Услышав страшную новость, Реваз не произнес ни слова. Лишь посмотрел на ручные часы, как бы говоря тем самым: «Раз так, мне надо спешить».
— Не торопись, — сказал Сталин, — успеешь. Тебя доставят вовремя.
— Но у тебя дела. Я, наверное, мешаю тебе.
— Ты не мешаешь мне. Посиди, — ответил Сталин, хотя уже чувствовал, что ему не о чем больше говорить с Ревазом, что все то, что не имеет прямого отношения к событиям на фронте, сейчас не интересует его. Любой вопрос, заданный им или Ревазом, потянул бы за собой нить воспоминаний, а ему было не до воспоминаний.
И тем не менее Сталину не хотелось, чтобы Реваз уходил. Хотелось несколько минут посидеть рядом молча.

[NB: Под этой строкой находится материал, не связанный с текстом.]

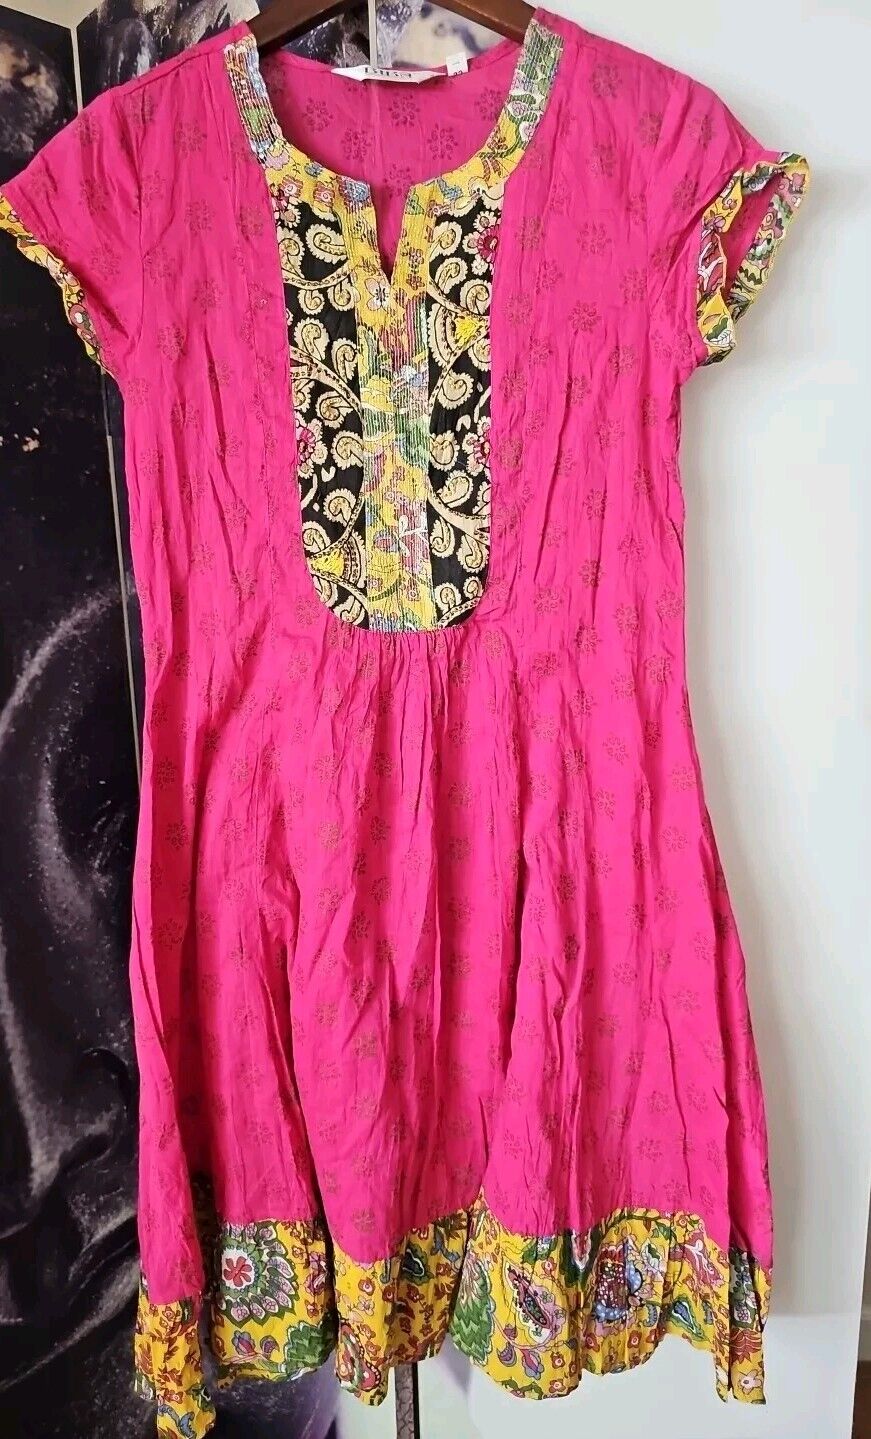 Biba Women\'s Dress Size 32 Pink Gold Floral Trim Short Sleeves Tunic Dress

— Значит, немцы приближаются к Москве? — тихо спросил Реваз.
— Да, — жестко ответил Сталин, — и очень крупными силами.
Он снова пристально посмотрел в лицо Ревазу. Но тот только понимающе кивнул головой.
Потом спросил:
— А… под Ленинградом?
— Они в четырех километрах от Путиловского завода. И если мы в ближайшее время не прорвем блокаду, в городе начнется голод.
Сталин говорил по-прежнему жестко, резко, точно находил какое-то горькое удовлетворение в обнажении страшной правды.
— А на юге? — уже совсем тихо произнес Реваз.
— Рвутся к Донбассу, — как-то поспешно, точно боясь, что Реваз не успеет узнать всей правды, ответил Сталин.
Реваз опустил голову.
— У тебя есть еще вопросы? — с каким-то вызовом в голосе произнес Сталин.
Реваз поднял голову и посмотрел на него внимательно, точно заново узнавая. Наконец сказал:
— Да, Коба, вопрос есть. В другой обстановке я бы, наверное, долго колебался, прежде чем задать его. Но теперь мы торопимся — и ты и я. И если я уйду, не спросив, то буду клясть себя за трусость… Коба, ответь мне, как все это могло произойти? Как случилось, что немцы под Ленинградом и приближаются к Москве?!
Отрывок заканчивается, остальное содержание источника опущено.